We all have a responsibility to deliver that information to the villages. Europe not only recognises this but our work with our eastern European neighbours and our partners in Africa, South East Asia and Latin America, as well as the Caribbean and the Mediterranean has delivered tangible results that have transformed lives. These efforts are consistent with our understanding of what it means for people to live a full life, free of poverty.

Technology is a crucial tool to acquire knowledge and education; to express ones own cultural identity and strengthen the basis for community integration; to earn a living; to live free of fear from vehicles of oppression from governments unrestrained by the rule of law.

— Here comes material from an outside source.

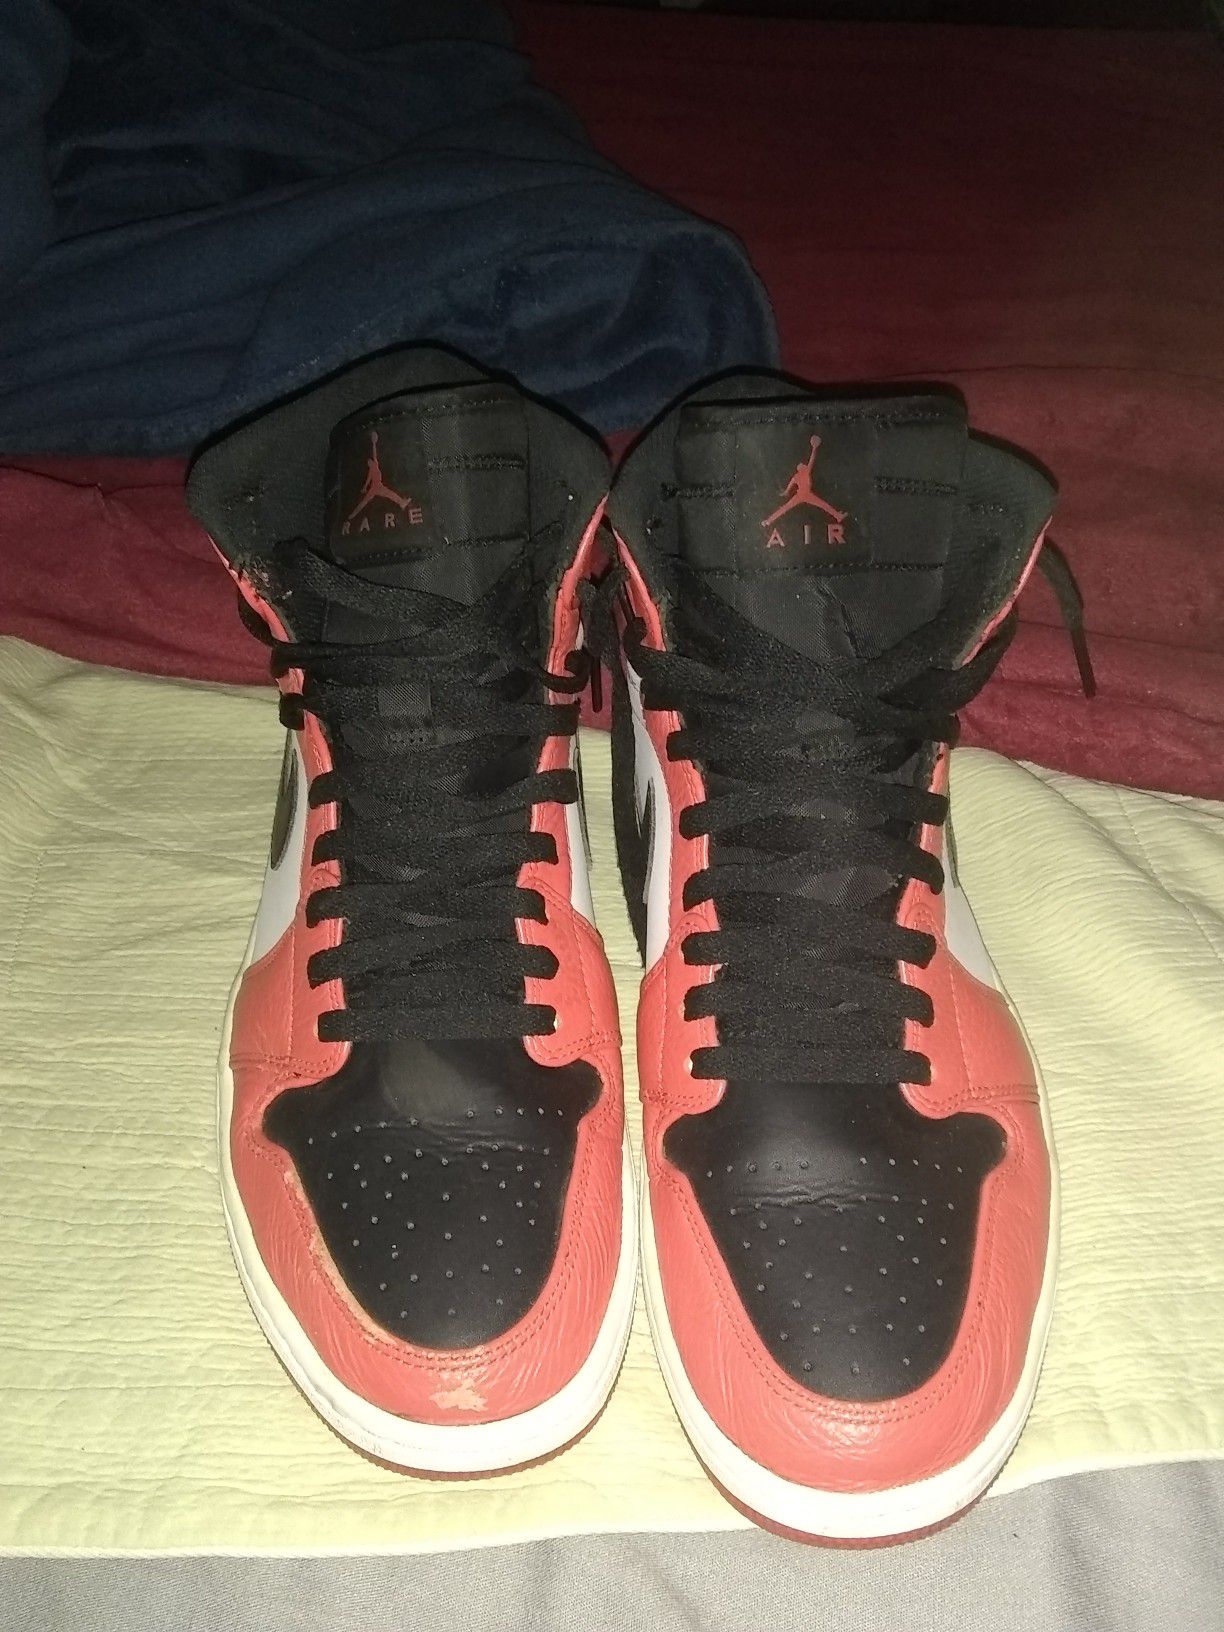 I have a nice pair of air Jordan 1 Rare air size 12 slightly used

Unless technology is used to reach all of these objectives without exception, the tool risks becoming another vehicle of oppression and suppression in the hands of those who have already used all resources available to them to perpetuate their power.

Warlords, terrorists and organised crime have found their way to this means of monopolising wealth and power sooner than the people in the villages that are still out of touch.

It is why we must approach a fresh global structure for governing the Internet to ensure legitimacy and global ownership of this great asset of the present without damaging any of the liberating and open benefits that the Internet has brought about.

Nothing that is man-made is good or evil in and of itself.

We are right to commend the educational and cultural power of the Internet and how this opens up new prospects for our children. But we cannot afford to gloss over the dangers to our children that are vulnerable to the abuse of those who are willing to use any means to harm them.

No society that fails to protect its young is worthy of that name.

Protecting children everywhere must become a genuine priority unless the Knowledge Society we aspire to become a place where children are not safe and are exposed to the sophisticated and for that no less harrowing abuse of technology-using perpetrators.

Malta exhorts this Summit to push further up in its list of priorities, a credible and coordinated effort to make the Internet a safe place for children.

Mr President,

Tunis 2005 is not the closure of a cycle of effort and cooperation: it must be but the opening. We have achieved much from our individual projects and the sharing of our results and our efforts in groups as regions and partners. Yet there is no twenty-seventh mile in this marathon of leadership.

Indeed, the future is a moving target. Thank you.